Other than hardware, I think the IK programming is the most difficult for people to understand. These crazy calculation just driving me nuts, it's fun thou. I hope someday someone could come up with GUI program to do such IK things.


At some point, we were envisaging to make a complete open source hexapod kit. But it's really hard to make the whole thing affordable and we are not really good at mechanical design, so we focused on electronics and software, which give us already quite a lot of job. I still believe that would be an awesome idea. I'm currious about how you used the maestro, is it driven by a PC?

The maestro is currently running on its own ( the usb cable dangling off my robot its just there to upload new scripts ). The plan is to have an arduino run the IK and send servo positions to the maestro, Im trying to share the load between processing tasks. and for simple situations like "RUN LIKE HELL ROBOT!" there will be routines set aside ont he maestro that can be called up and ran quickly.


The kit im working on has a base price of around $150 - $200 With out the servos. but im making it so almost any servo will fit,  every one has different frame horn setups and not everybody wants to use expensive hitec metal gear servos, Some people may want to shop for some chinese ones on ebay. or just have some sitting around

Ok I'll be interested to know if you manage to run the IK on an arduino, I wonder if it has the processing power to do it in real time.
What servo size are you basing your kit on?
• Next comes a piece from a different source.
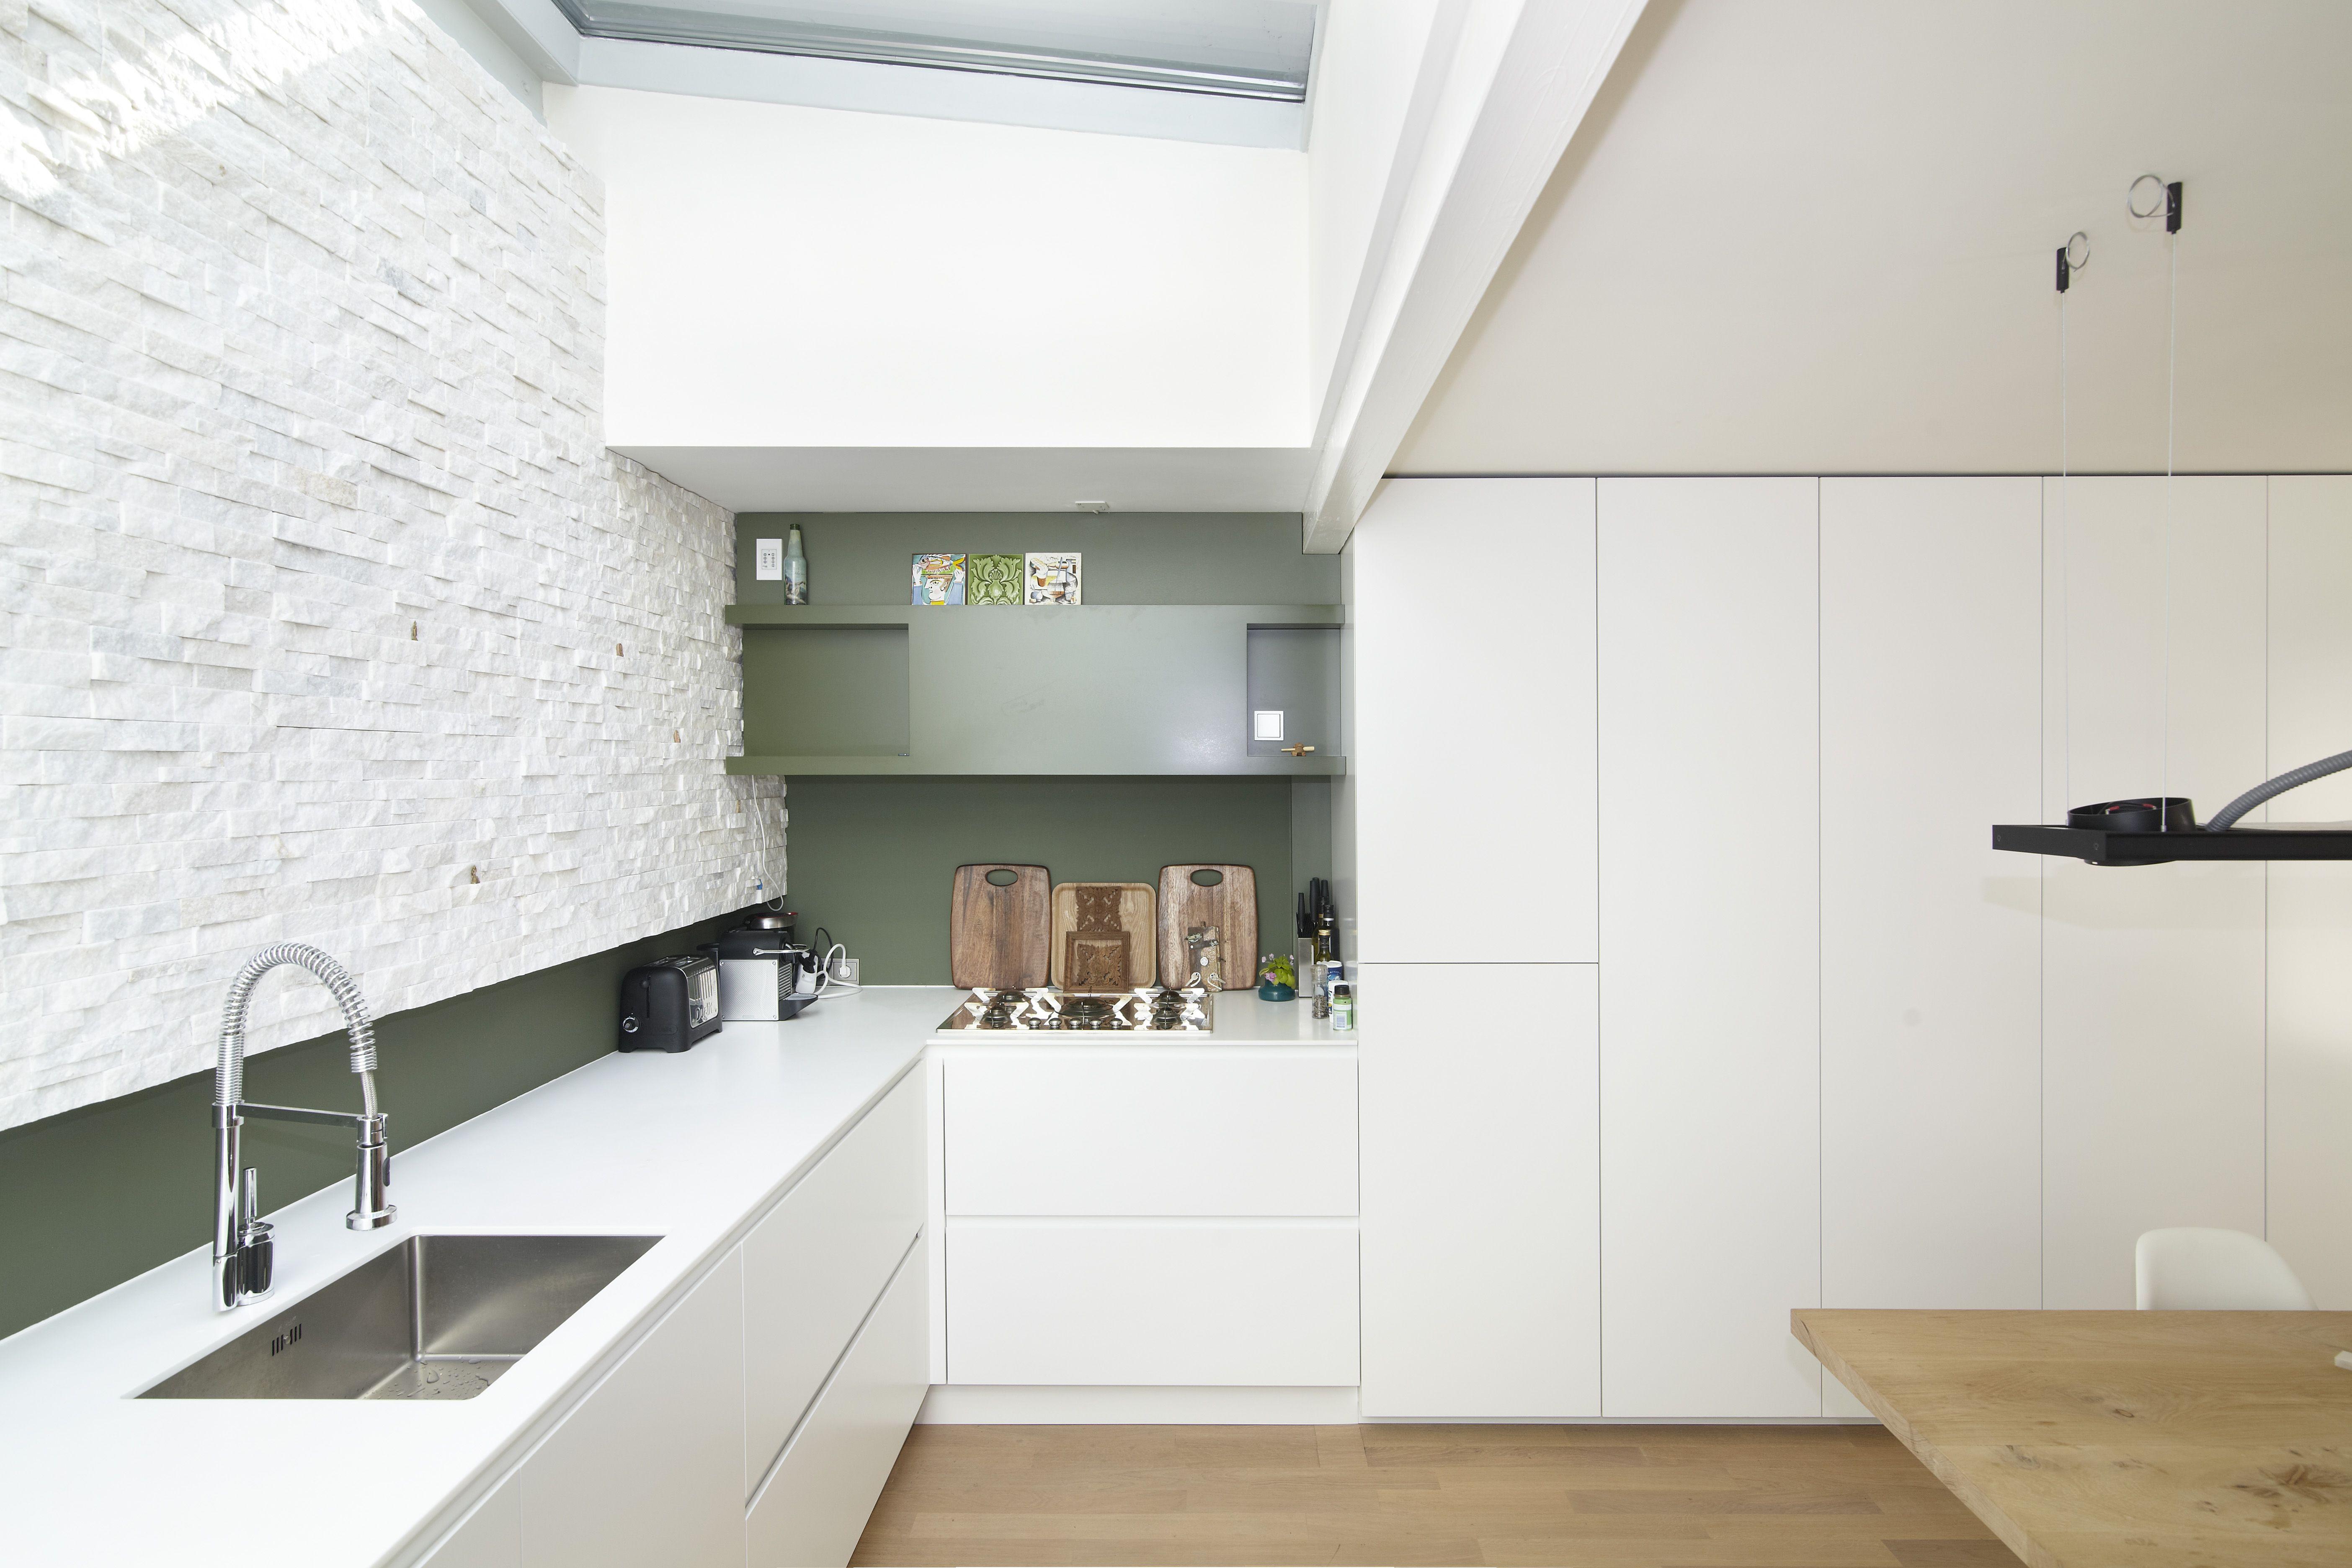 Keuken mdf gespoten wit eken hout steen muur opmaat

Will it be like a phoenix hexapod or more like a micro bug?

Thanks for making this open source.  This bug looks really great and I love the movements you've put together.  I've recently replaced the plastic gears in my Hitech HS-81 servos with metal ones, using a replacement kit Hitech sells, and I've been very happy with no new breakage (so far).

I'd been looking at the Pololu Maestro for some things I want to build, but haven't gotten into it yet.  I'm curious, what were the shortcomings you found with that controller?
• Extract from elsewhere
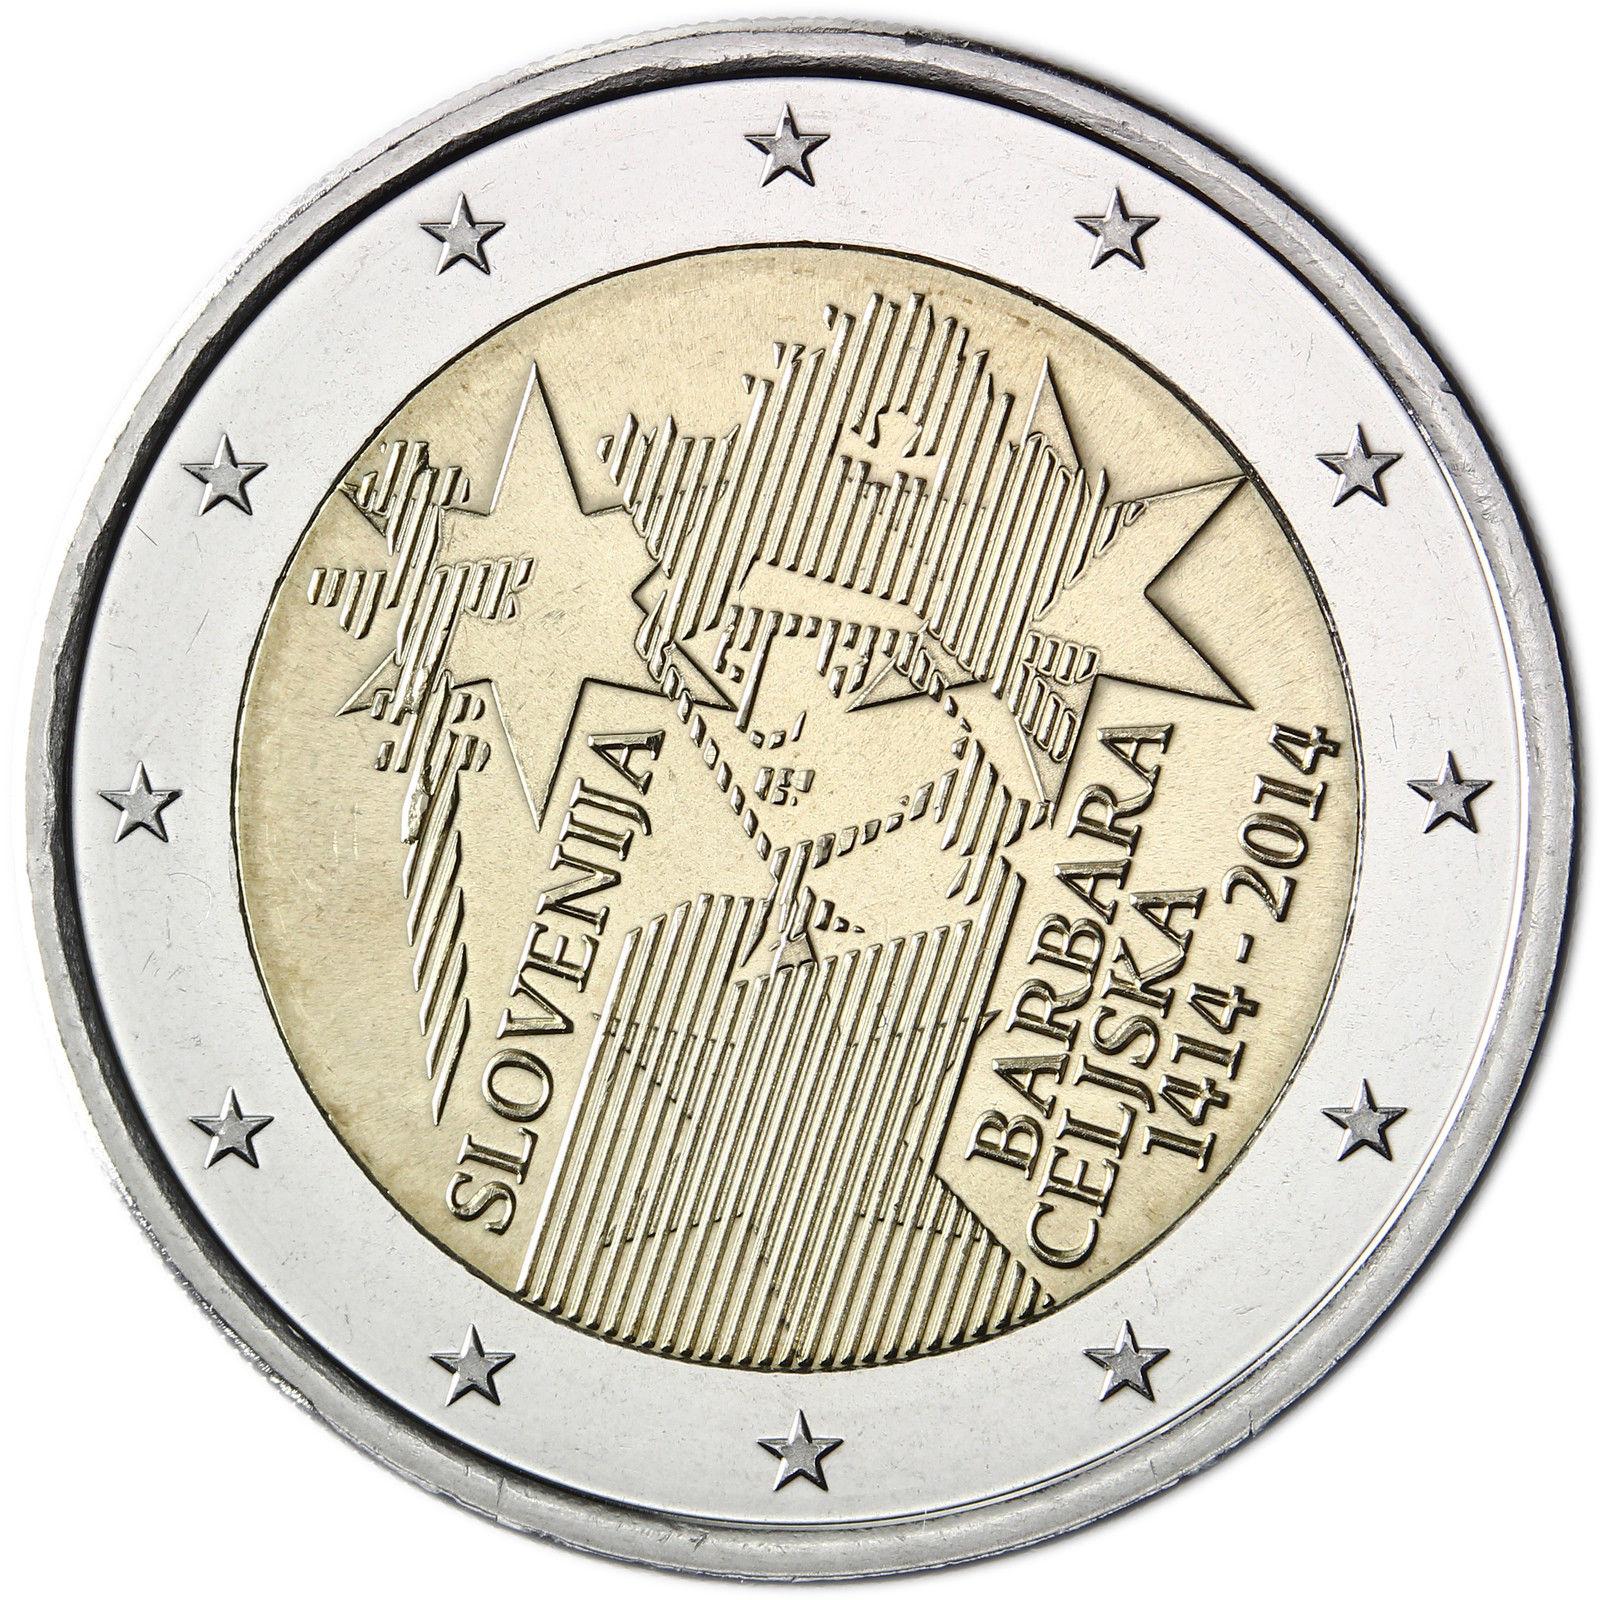 39f6afba14 Obverse of Slovenia 2 euros 2014 - 600th anniversary of Barbara of Celje

Yes I was considering switching to metal gear servos, but they cost about 10 time the price of the ones I used!

About Pololu maestro, I don't have one myself so I might not be the best one to talk about them. From what we've seen from their website, there are a few reasons why we didn't use it:

  • It's designed around a small 16 bits PIC microcontroller (i'm guessing from the picture, because I couldn't find it anywhere on their site), with 8KB of eeprom available for the user. OpenSCB is designed around a 32 bits AVR microcontroller with 256KB of flash in total (program+user).
  • I believe the main difference is that because their firmware and configuration GUI is closed source, I'm limited to what Pololu offer me, I can't extend it, I can't improve it.
  • We wanted to have RC/PPM input from a RC transmitter, I don't think the maestro can do that.
  • So even if I make the considerable effort of rewriting a custom firmware for the Pololu, I don't think I would be able to implement real time inverse kinematric and rotation matrix as we did for this robot. We would need another board to control the maestro.
  • The next release of OpenSCB, will probably have even more IO, and the possibility to easily plug a bluetooth module, Lego NXT sensors, and AX-12 servos. That's another cool thing about an open source project, people are more easily giving their feedback and we can improve our board.

So for a lot of applications maestro might be a very good board, but when you need more complex control, I believe you need a better board. It really depends what you are trying to do.